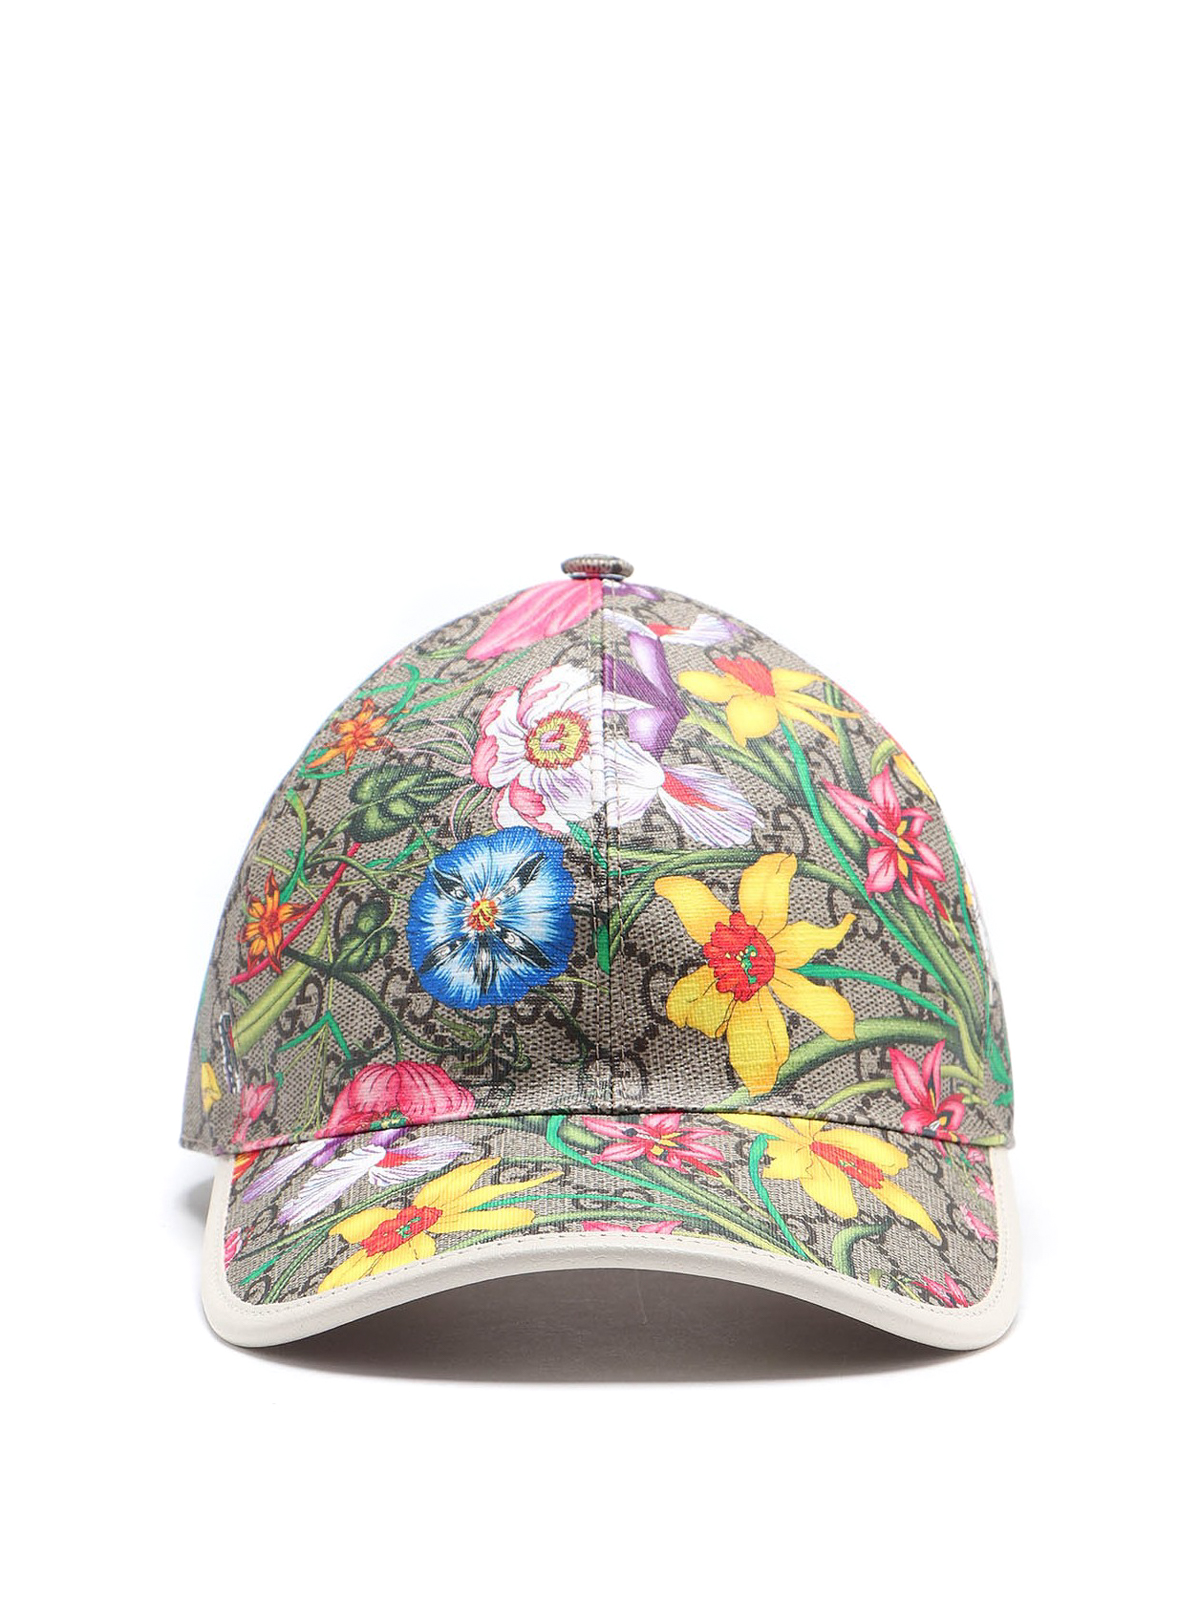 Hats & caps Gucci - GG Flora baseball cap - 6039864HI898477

• • • • •

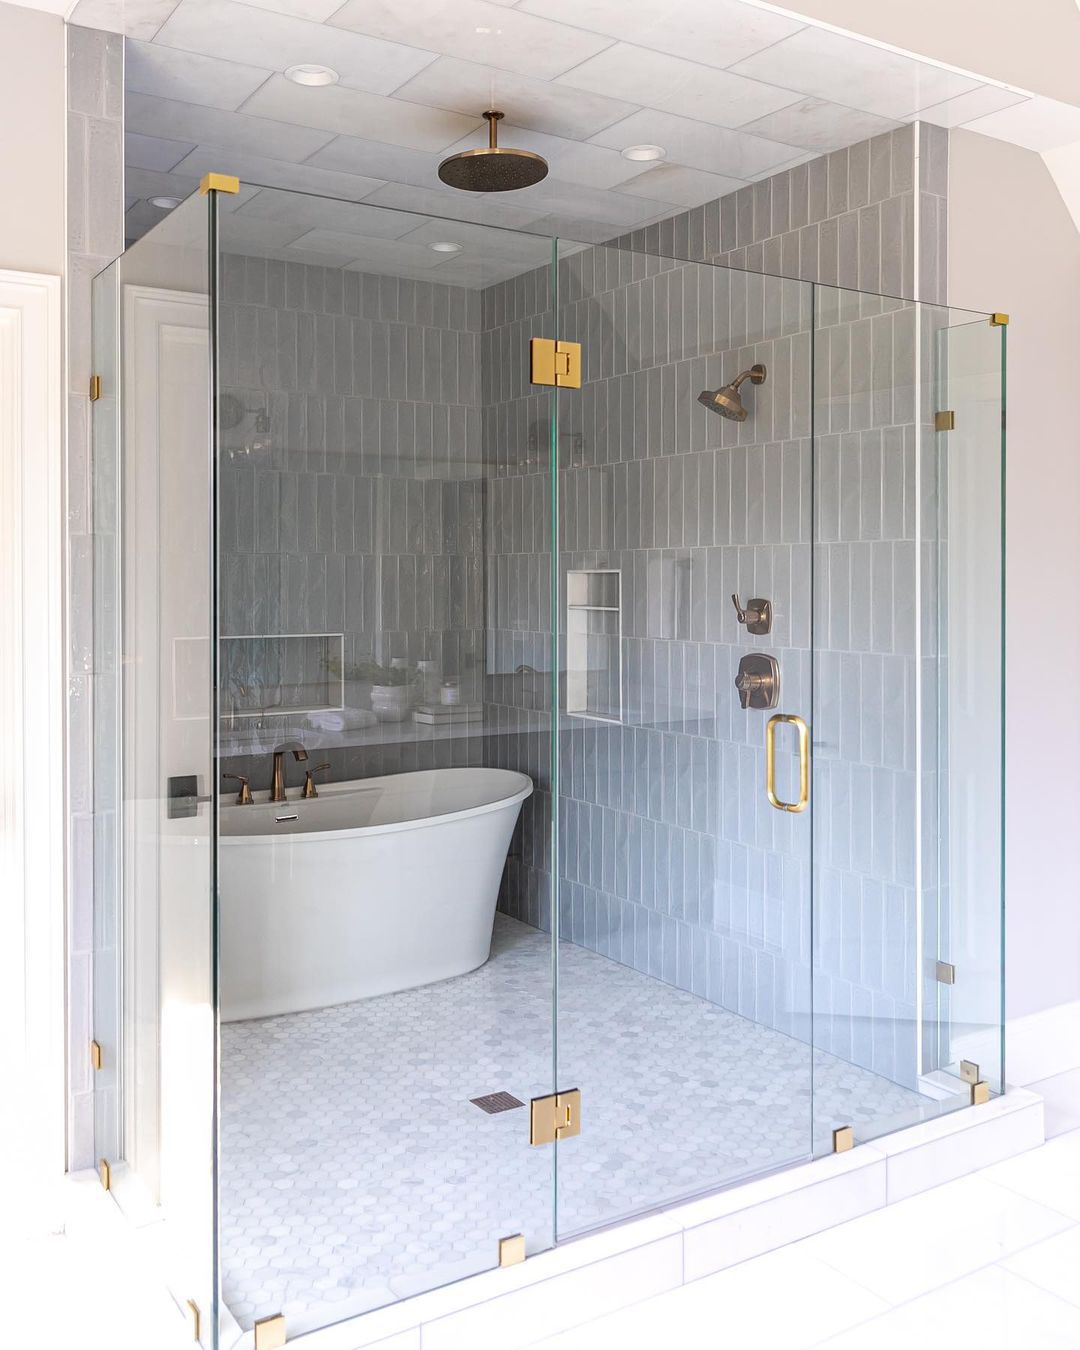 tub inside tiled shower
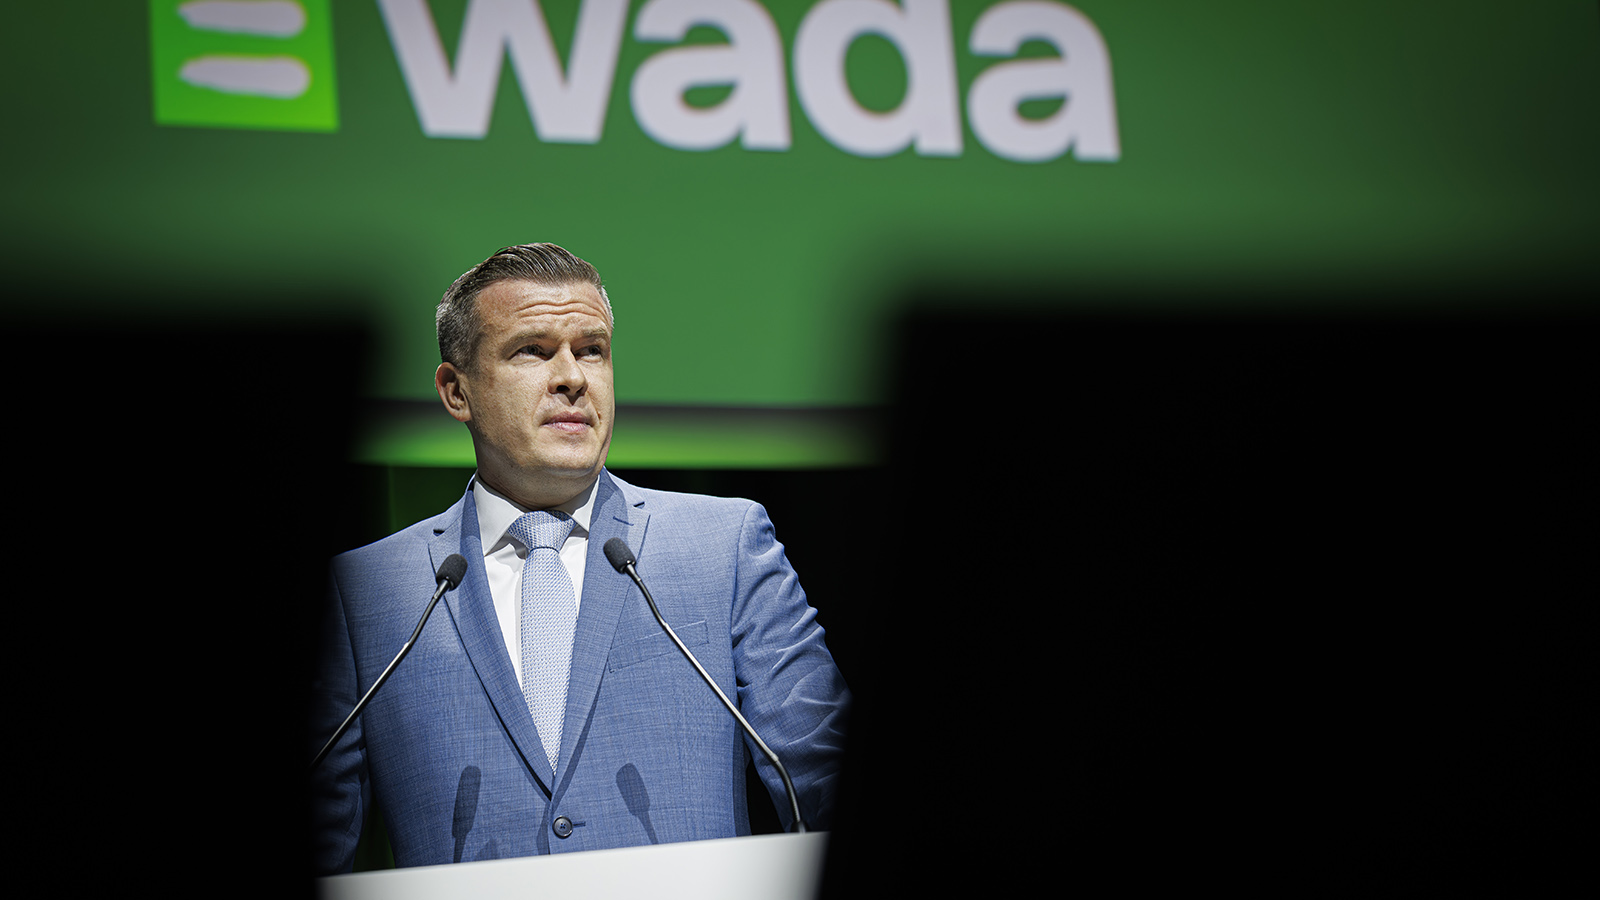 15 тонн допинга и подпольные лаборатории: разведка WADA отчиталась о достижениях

• • • • •

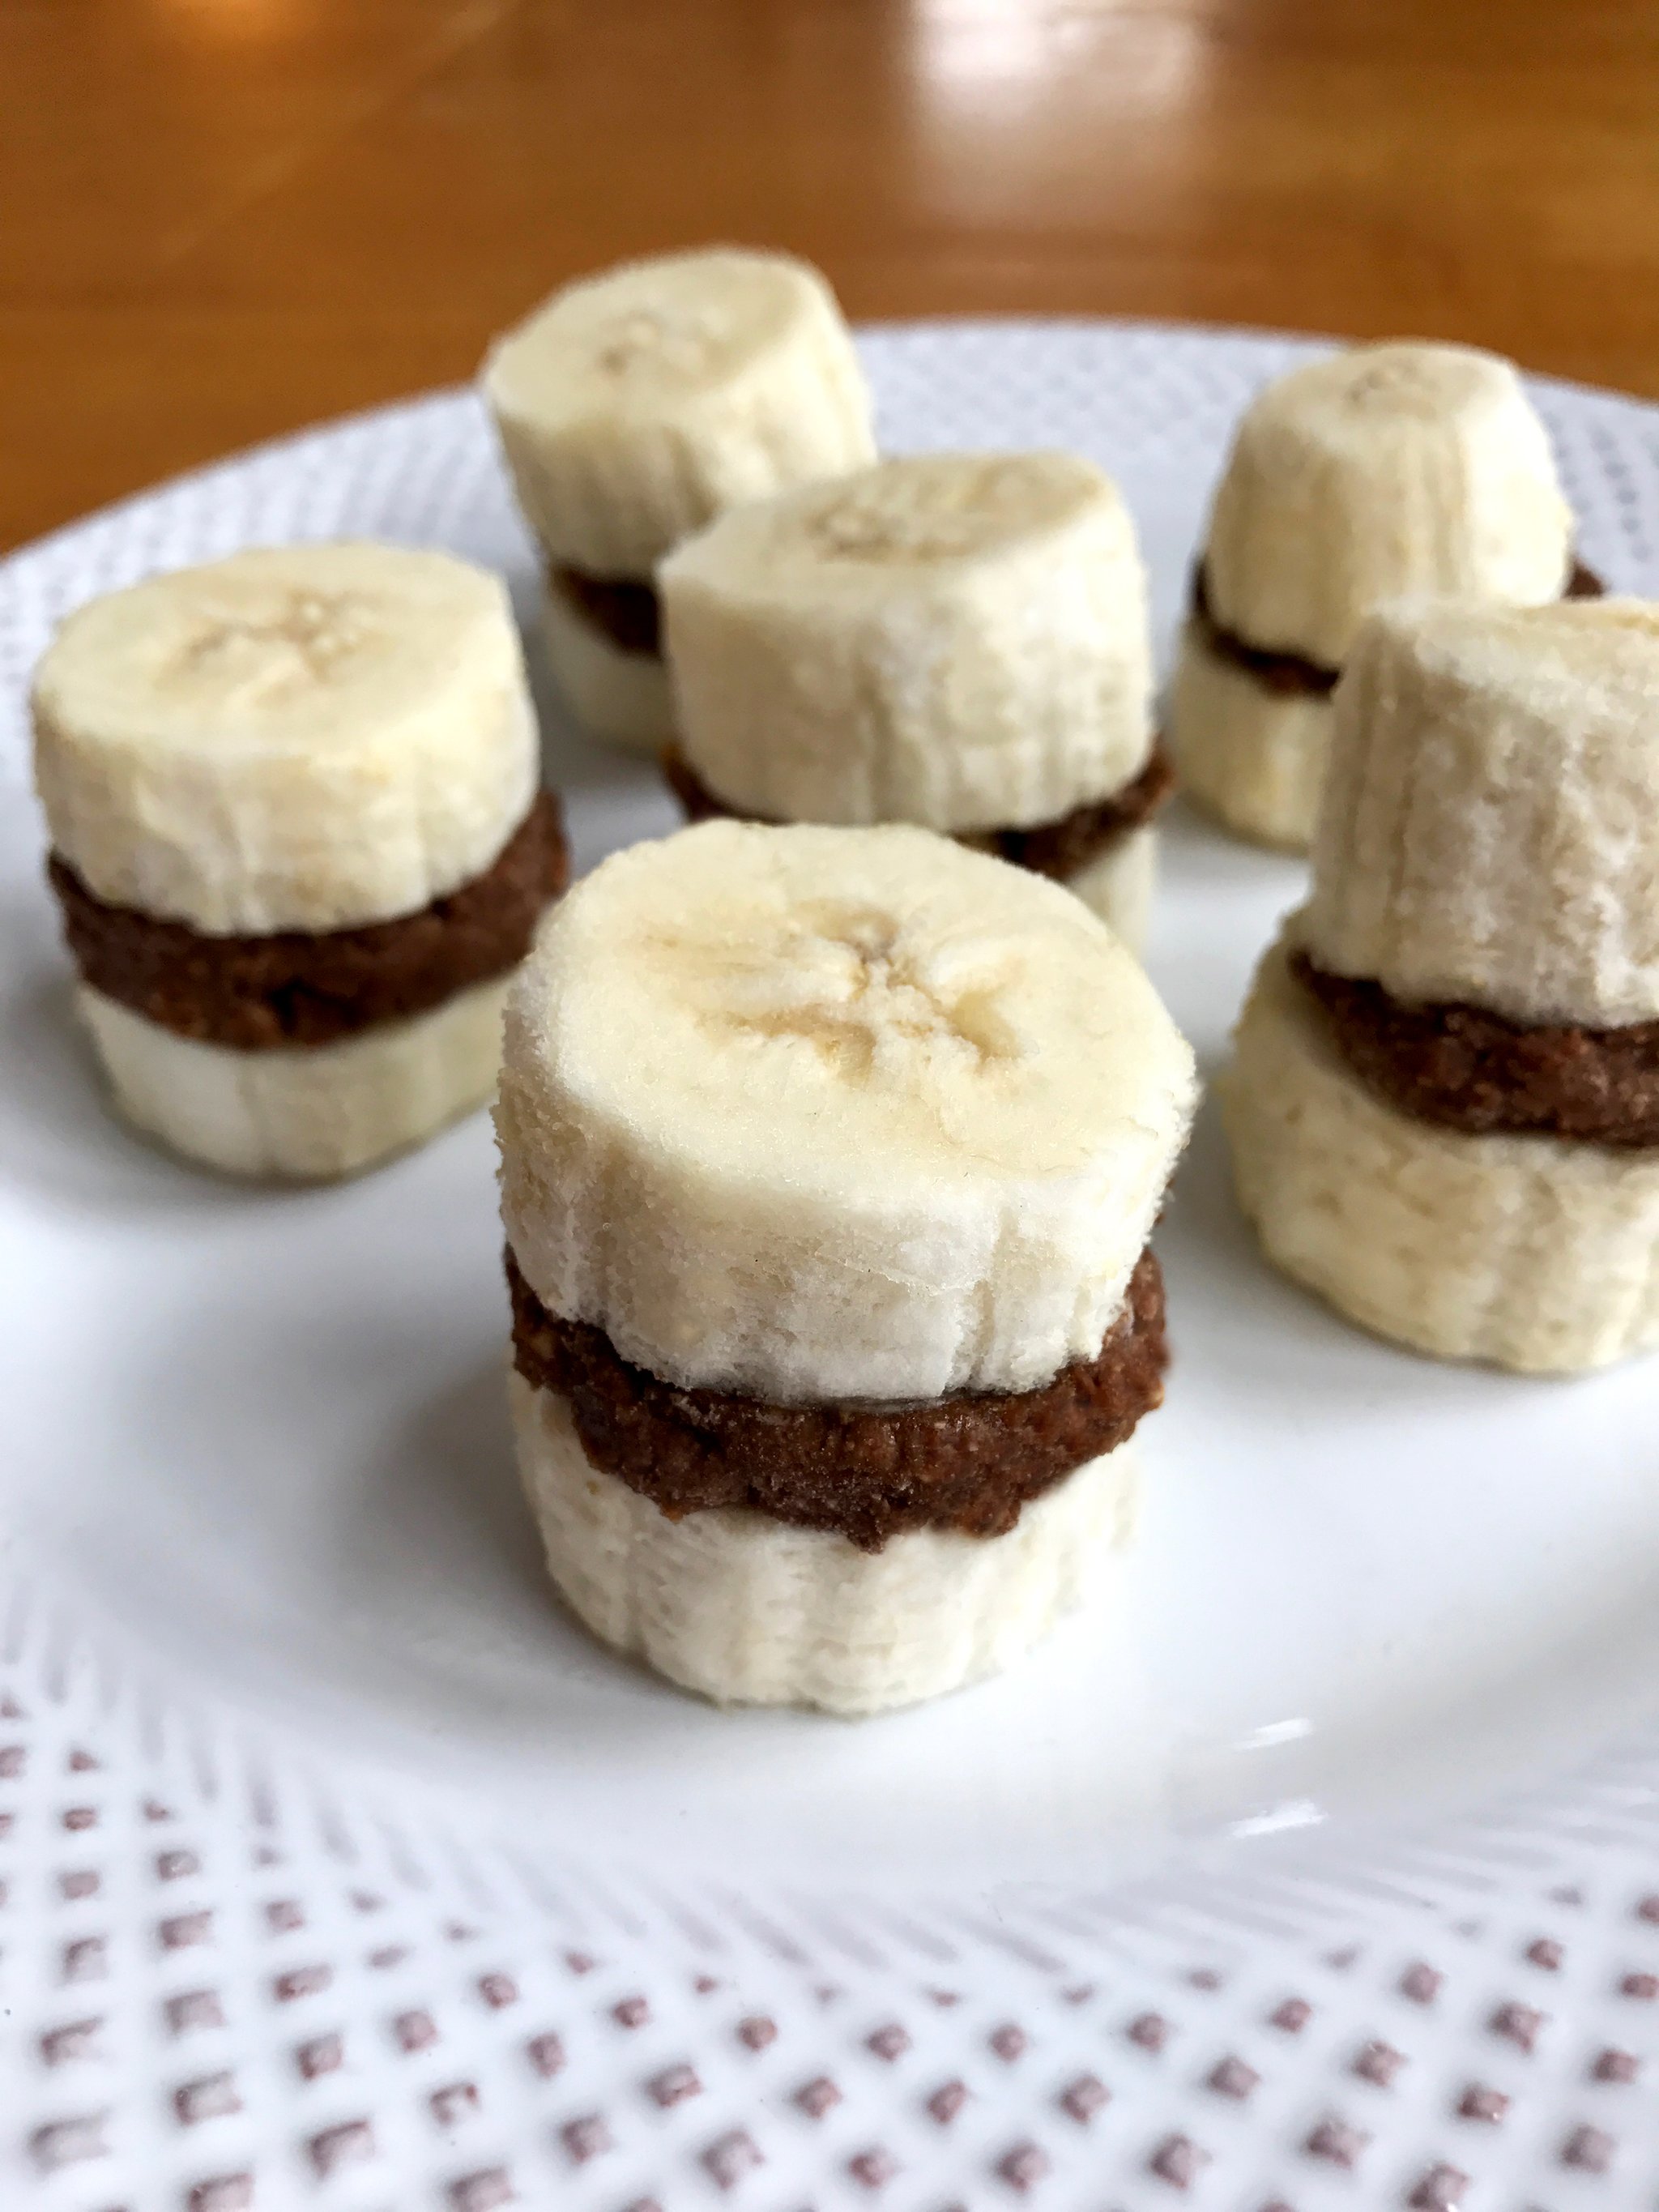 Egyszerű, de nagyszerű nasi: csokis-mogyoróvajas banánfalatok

• • • • •

Task:
After locating "tub inside tiled shower" and "15 тонн допинга" in the records above, return exactly the line holding each one and every line between them; leave out the pictures.

Result of this task:
 tub inside tiled shower
 15 тонн допинга и подпольные лаборатории: разведка WADA отчиталась о достижениях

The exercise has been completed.